Go through the data below and transcribe it exactly. Omit the images.

### RECORDED INFORMATION
Content starts

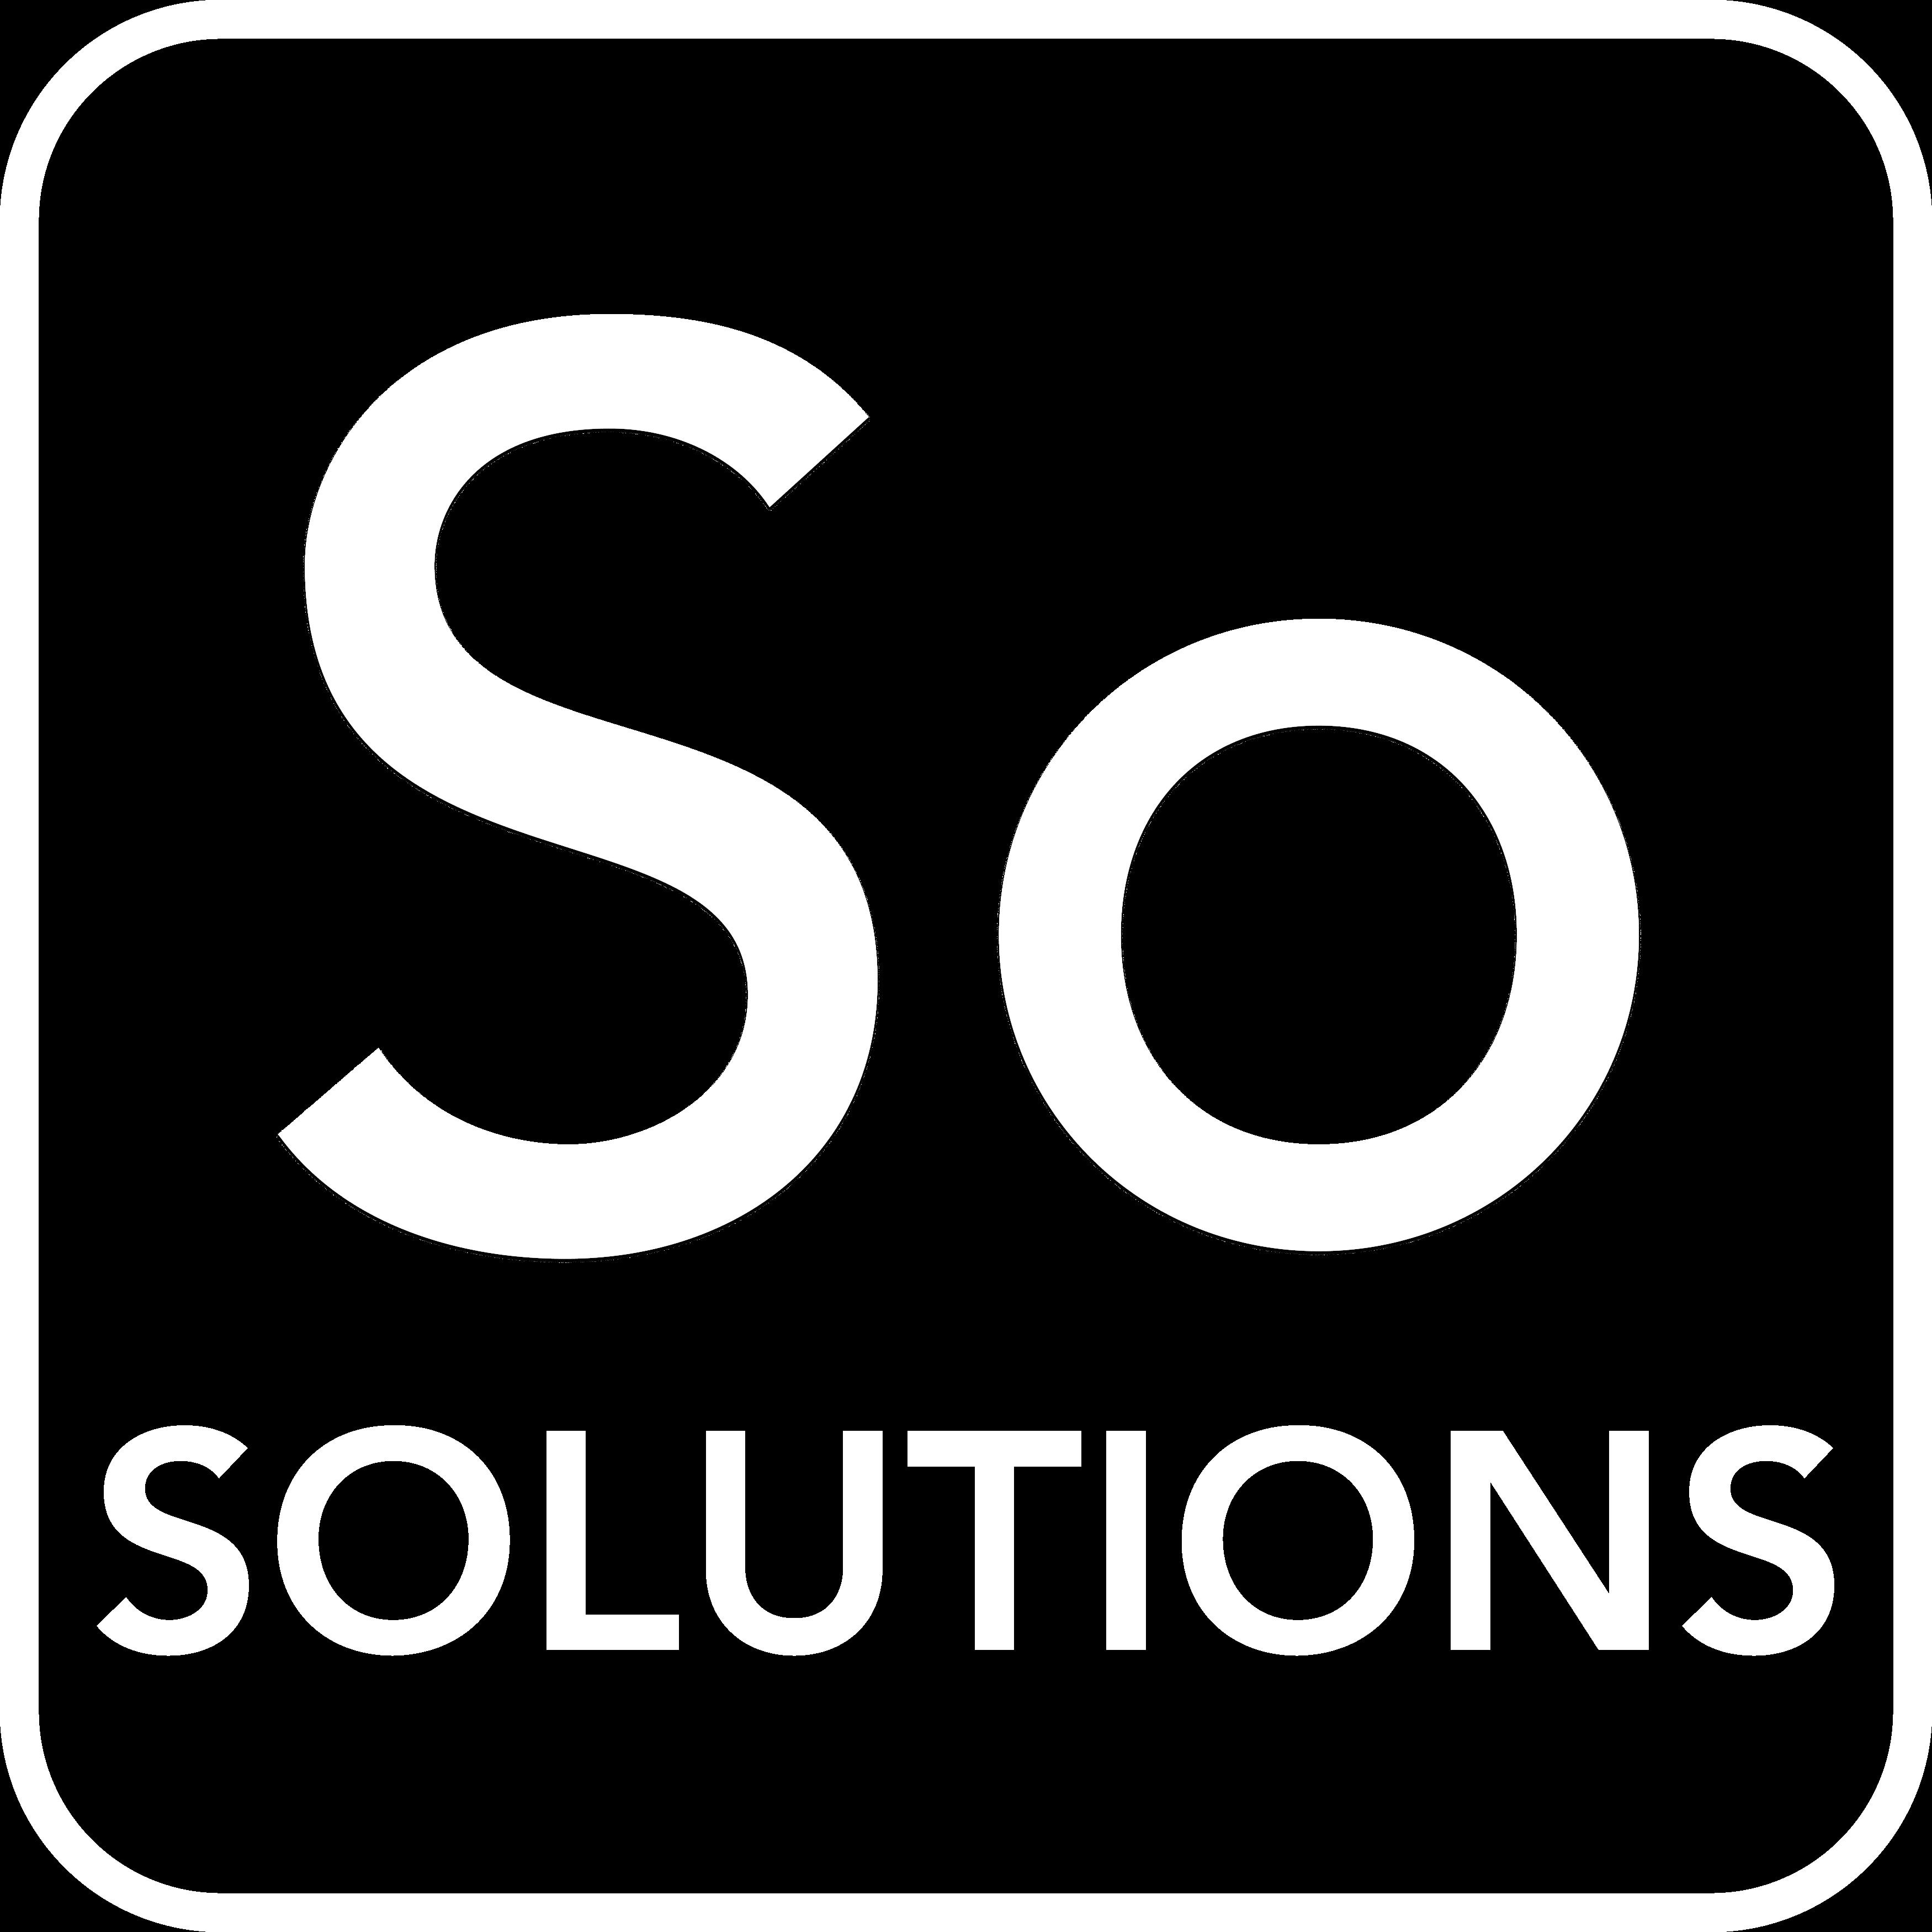 Negatif - Solutions
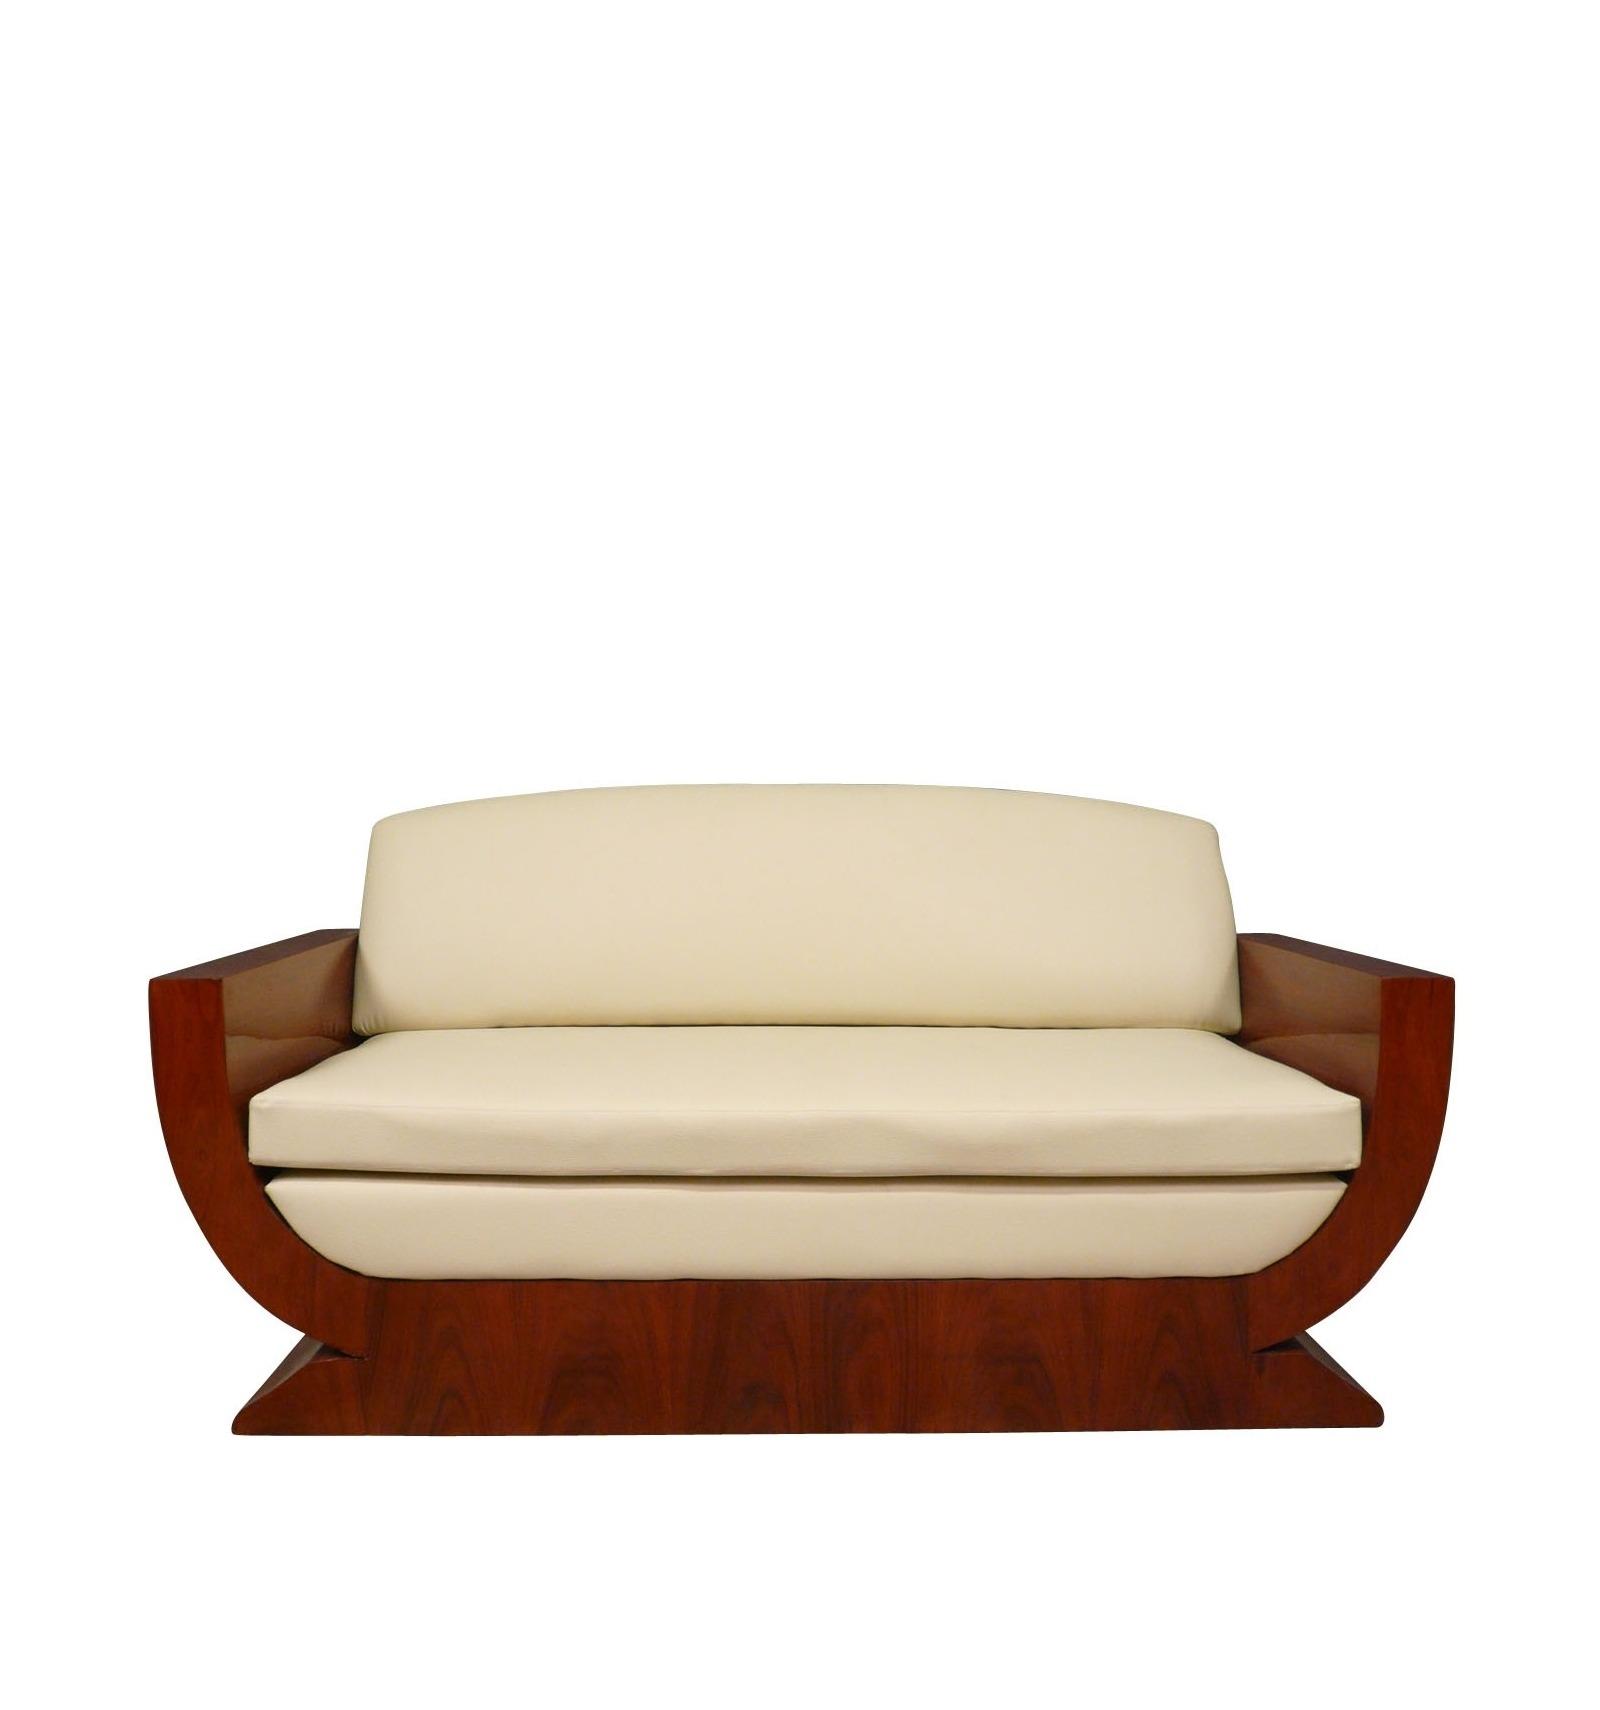 Art Deco Sofa aus Palisander - Art Deco Möbel
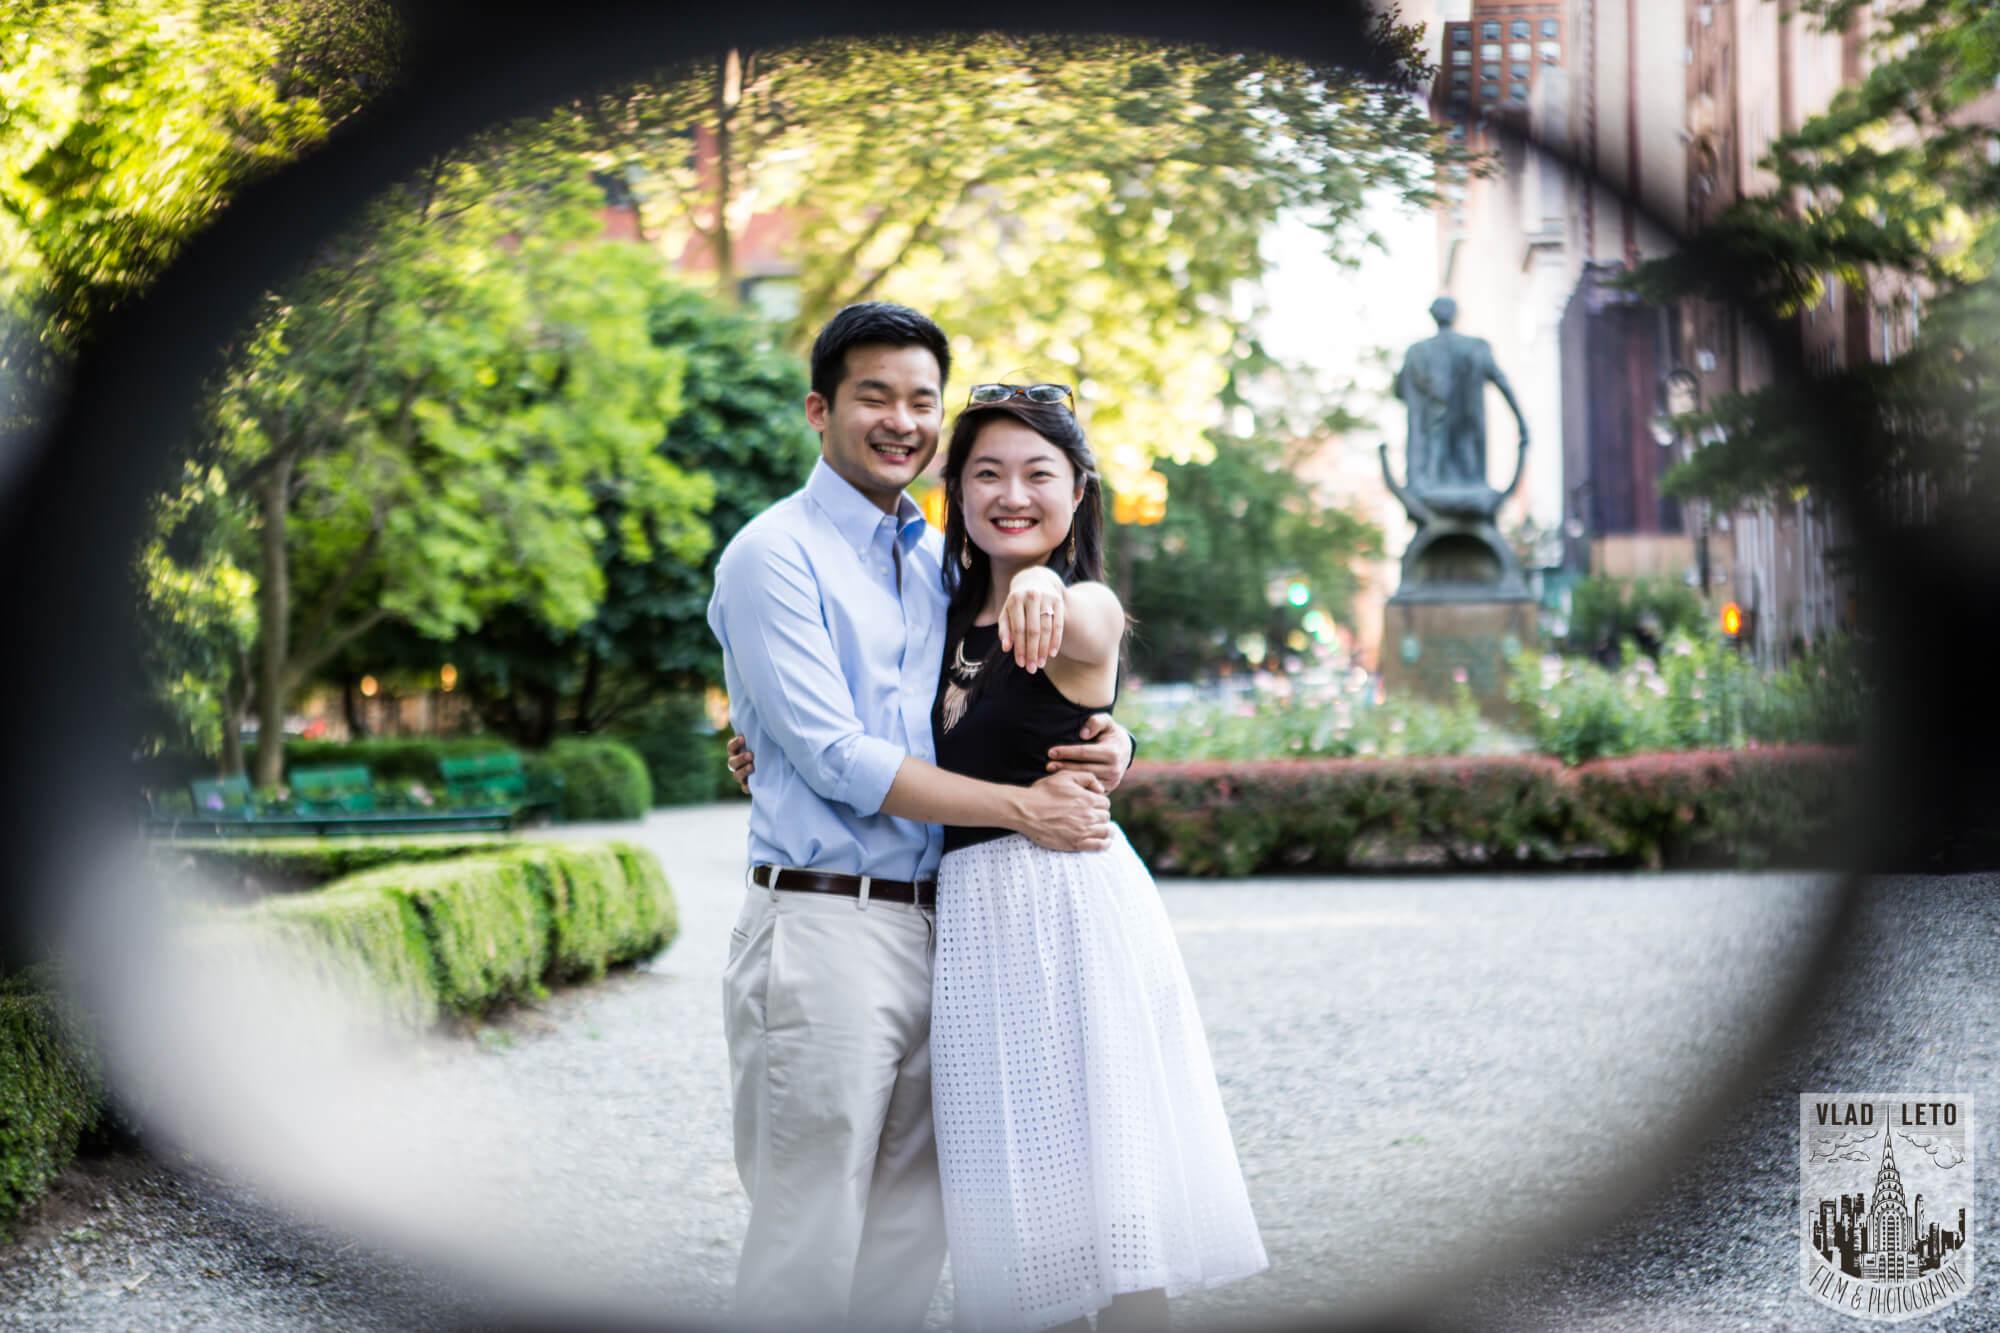 Photo 5 Gramercy Park Marriage Proposal   VladLeto

Content ends

### THE COMPLETED TASK
 Negatif - Solutions
 Art Deco Sofa aus Palisander - Art Deco Möbel
 Photo 5 Gramercy Park Marriage Proposal   VladLeto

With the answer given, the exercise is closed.